为什么这个Java 8流示例不能编译?
[英]Why doesn't this Java 8 stream example compile?
问题描述
I'm trying to figure out why this code does not compile on JDK 1.8.0_45 : 
我想弄清楚为什么这段代码不能在JDK 1.8.0_45上编译:
public class Example<E extends Example<E>> {
public List<? extends Example<?>> toExamples(Collection<String> collection) {
return collection.stream()
.map(v -> lookup(v))
.collect(Collectors.toList());
}
public static <E extends Example<E>> E lookup(String value) {
return null;
}
}
Adding a seemingly unnecessary cast fixes it: 添加一个看似不必要的演员修复了它:
public class Example<E extends Example<E>> {
public List<? extends Example<?>> toExamples(Collection<String> collection) {
return collection.stream()
.map(v -> (Example<?>) lookup(v))
.collect(Collectors.toList());
}
public static <E extends Example<E>> E lookup(String value) {
return null;
}
}
Here's the error from the compiler: 这是编译器的错误:
Example.java:9: error: incompatible types: inference variable R has incompatible bounds
.collect(Collectors.toList());
^
equality constraints: List<Object>
upper bounds: List<? extends Example<?>>,Object
where R,A,T are type-variables:
R extends Object declared in method <R,A>collect(Collector<? super T,A,R>)

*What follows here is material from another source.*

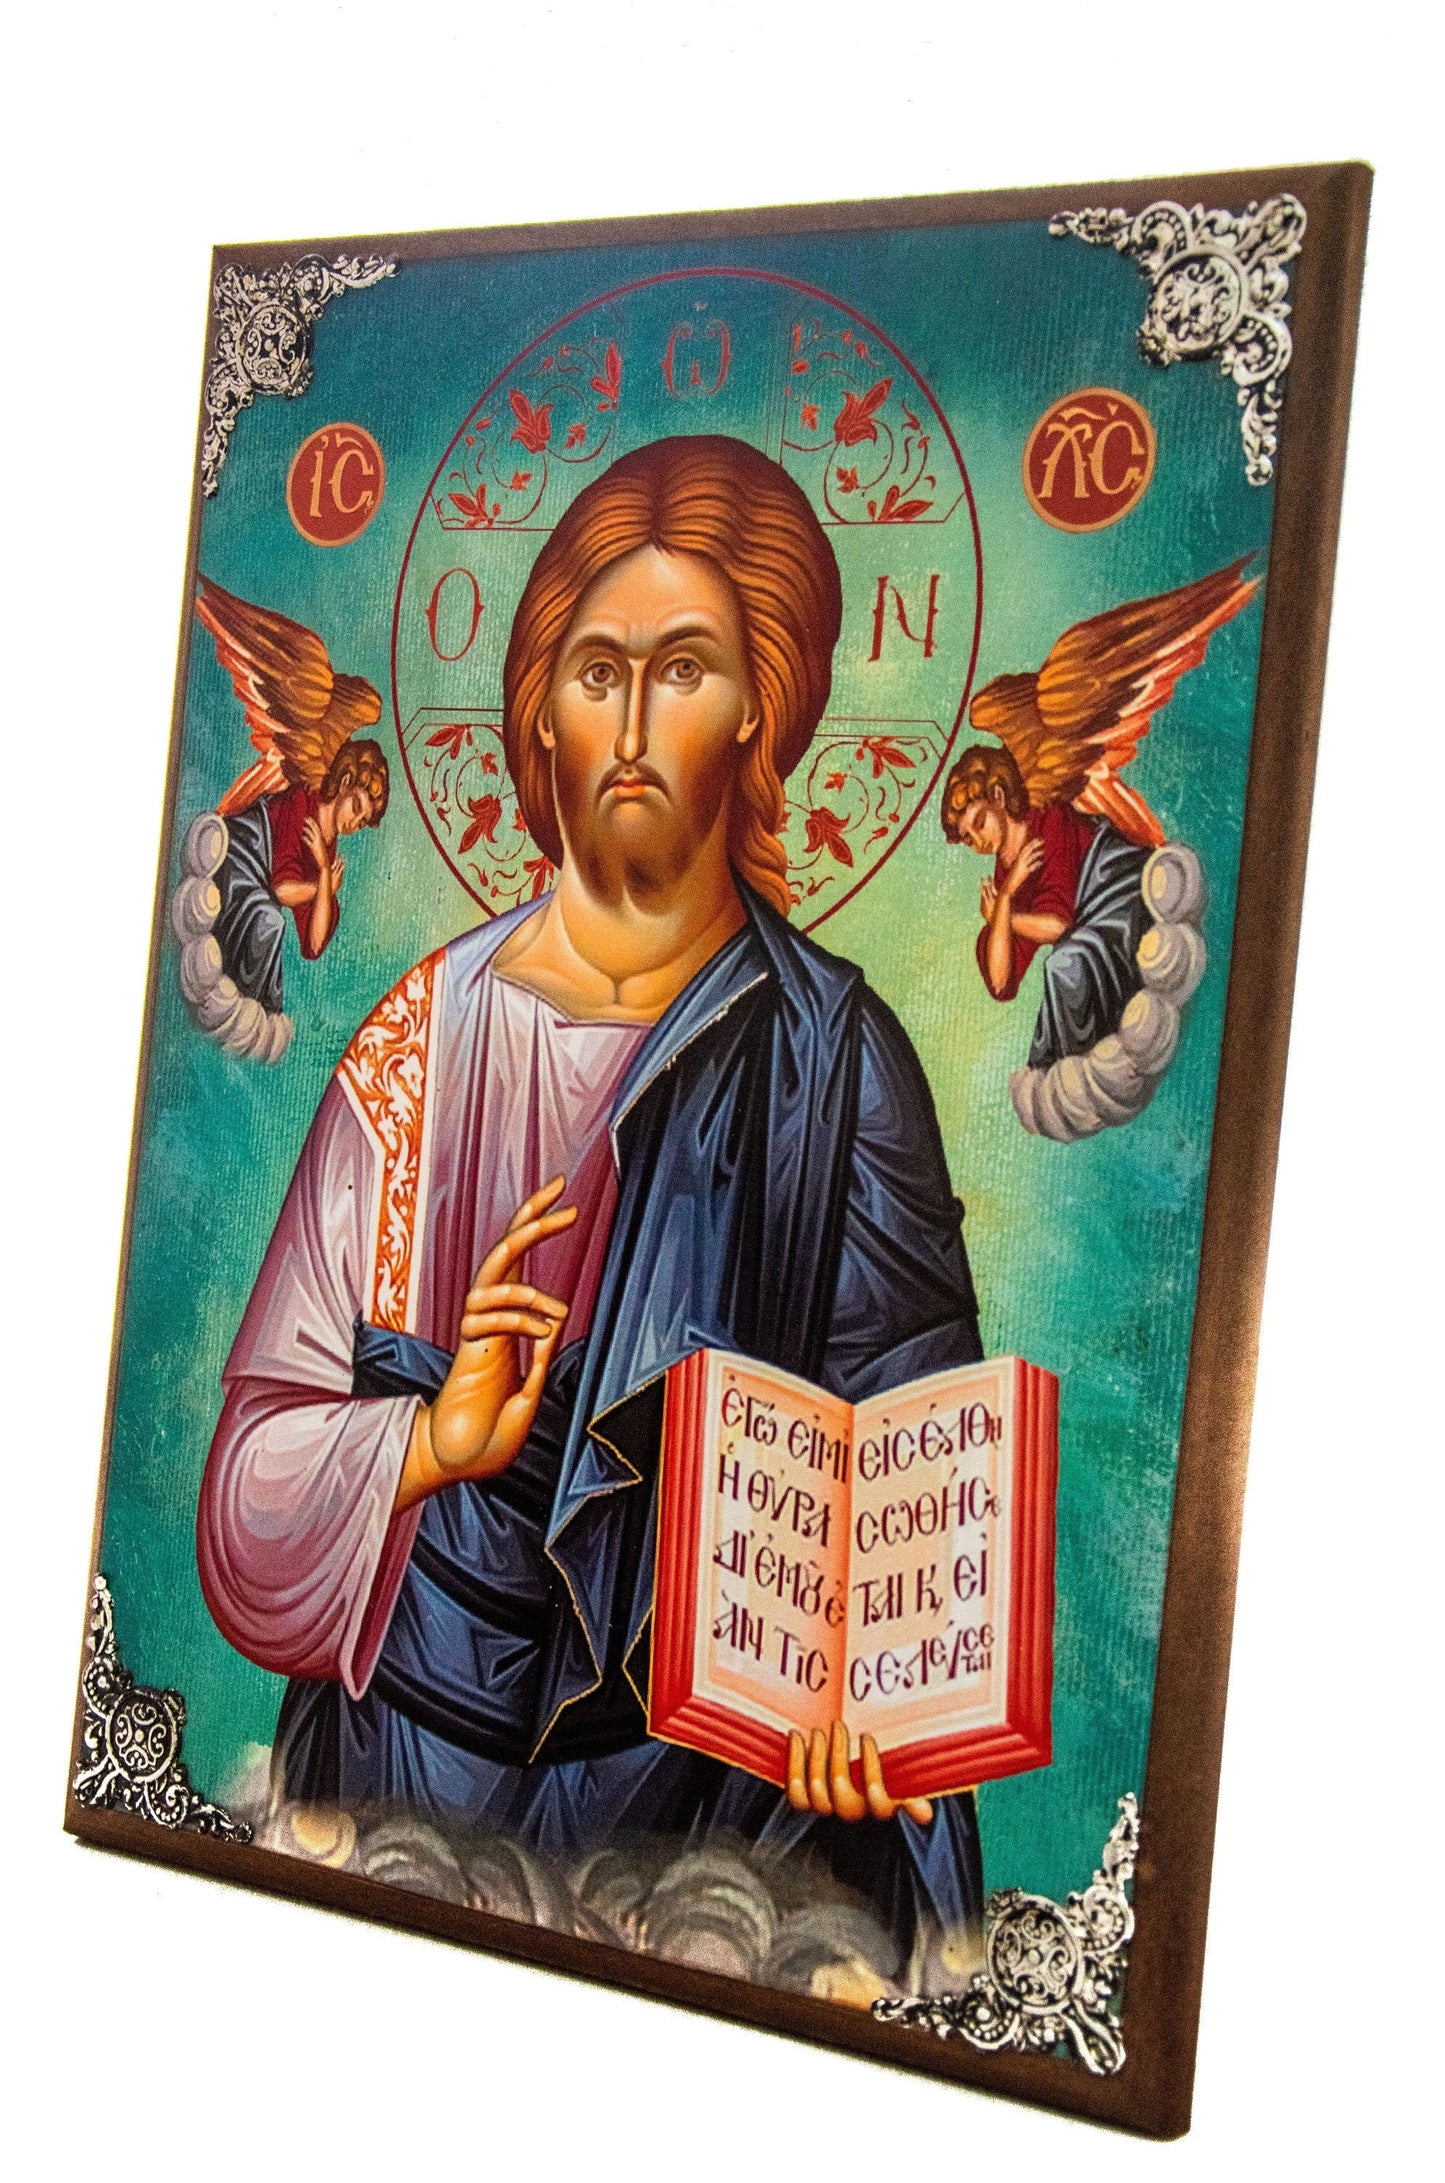 Jesus Christ icon, Handmade Greek Orthodox icon of our Lord, Byzantine art wall hanging wood plaque TheHolyArt
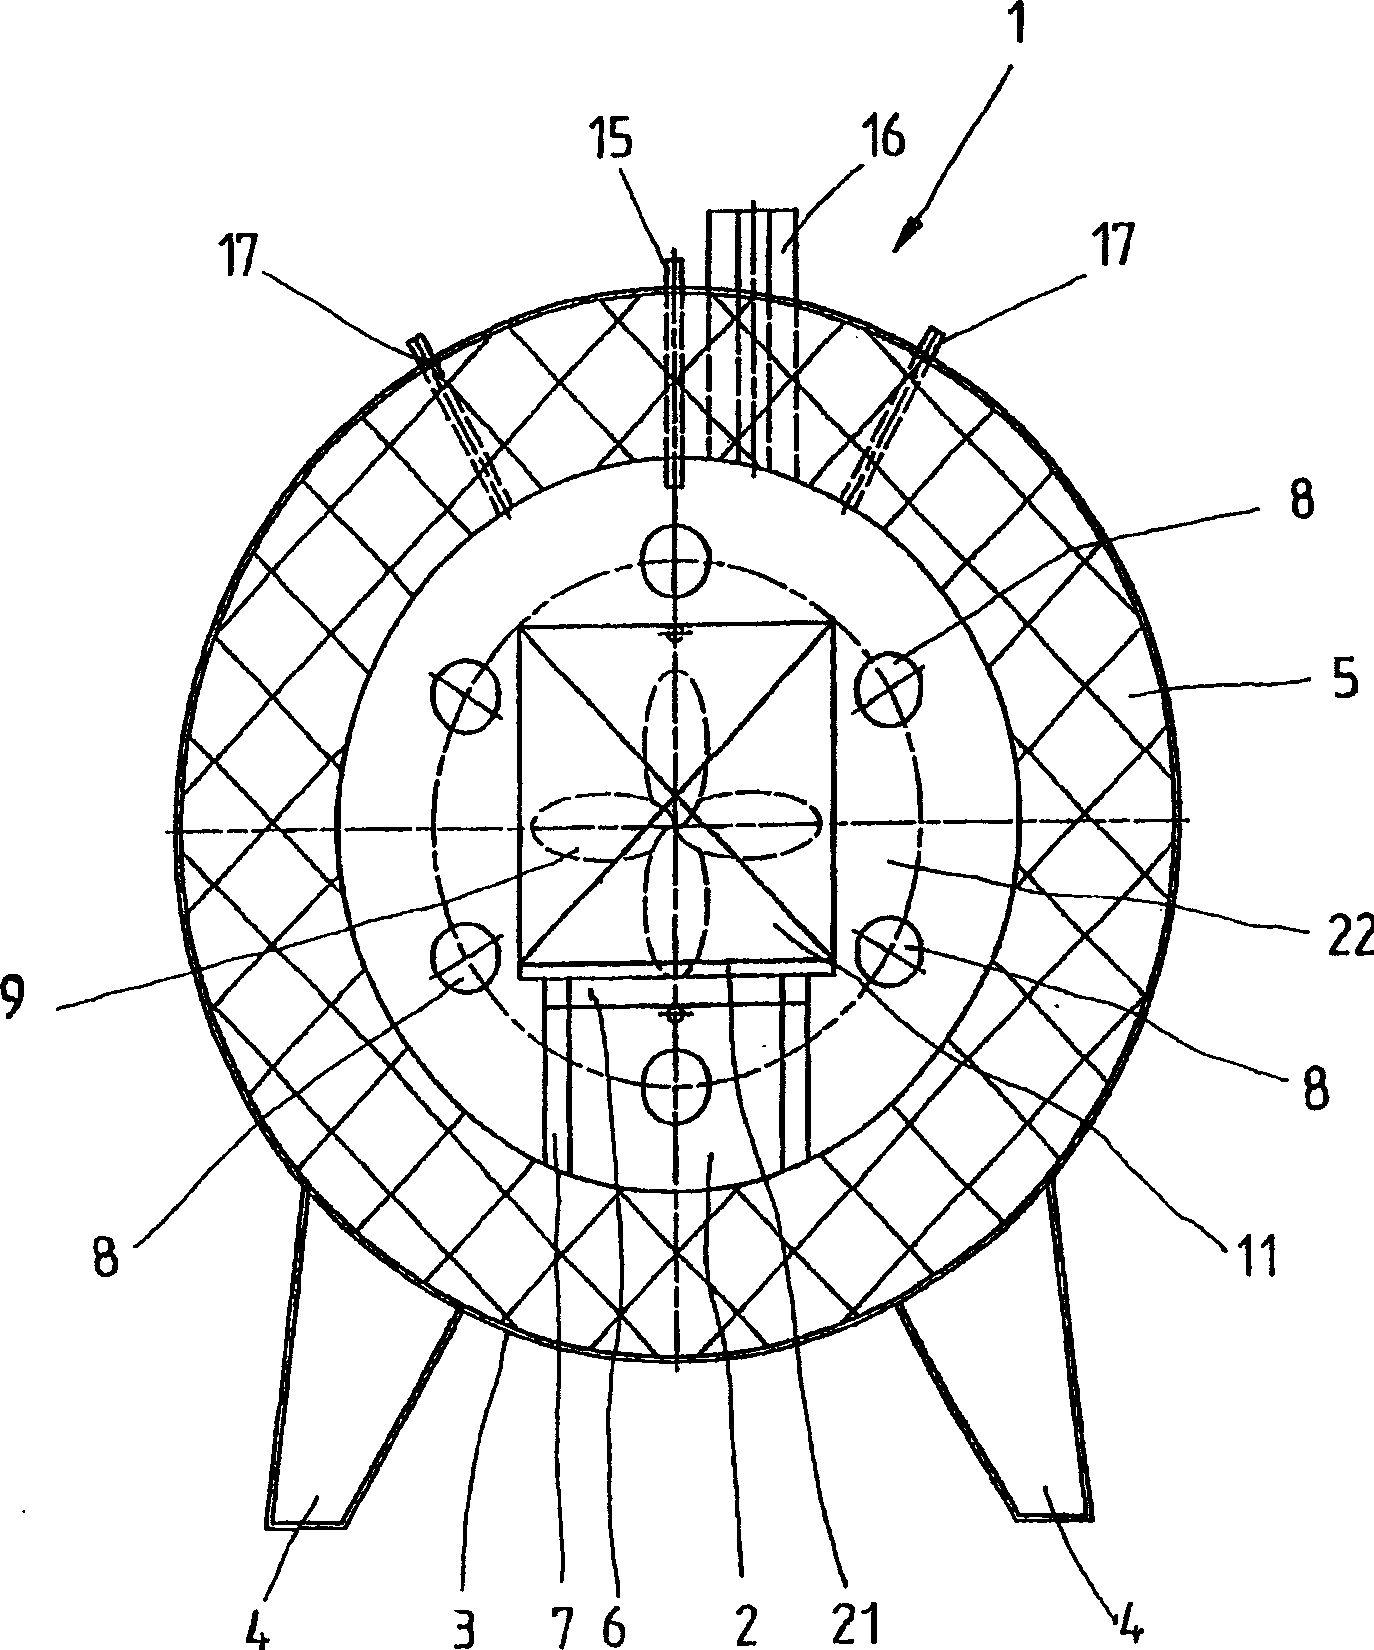 Apparatus and method for heat treatment of metallic work pieces

A extends Object declared in method <R,A>collect(Collector<? super T,A,R>)
T extends Object declared in interface Stream
For some reason, the return type of lookup() isn't correctly inferred to something extending Example . 由于某种原因, lookup()的返回类型未正确推断为扩展Example 。
3 个解决方案
解决方案1
10 已采纳 2015-06-02 15:25:08
As Peter Lawrey pointed out , ? extends Example<?> 正如Peter Lawrey指出的那样 , ? extends Example<?> ? extends Example<?> is not compatible with E extends Example<E> . ? extends Example<?>与E extends Example<E>不兼容。 Still, even fixing the signature doesn't make type inference work here. 尽管如此,即使修复签名也不会使类型推断工作。
The reason is a known limitation of the type inference as it does not back-propagate through chained method invocations. 原因是类型推断的已知限制,因为它不通过链式方法调用进行反向传播。 In other words, the return type allows to infer the types for the collect(…) invocation but not for the preceding map(…) invocation. 换句话说,返回类型允许推断collect(…)调用的类型,但不能推断前面的map(…)调用。 (see also this answer ) (另见这个答案 )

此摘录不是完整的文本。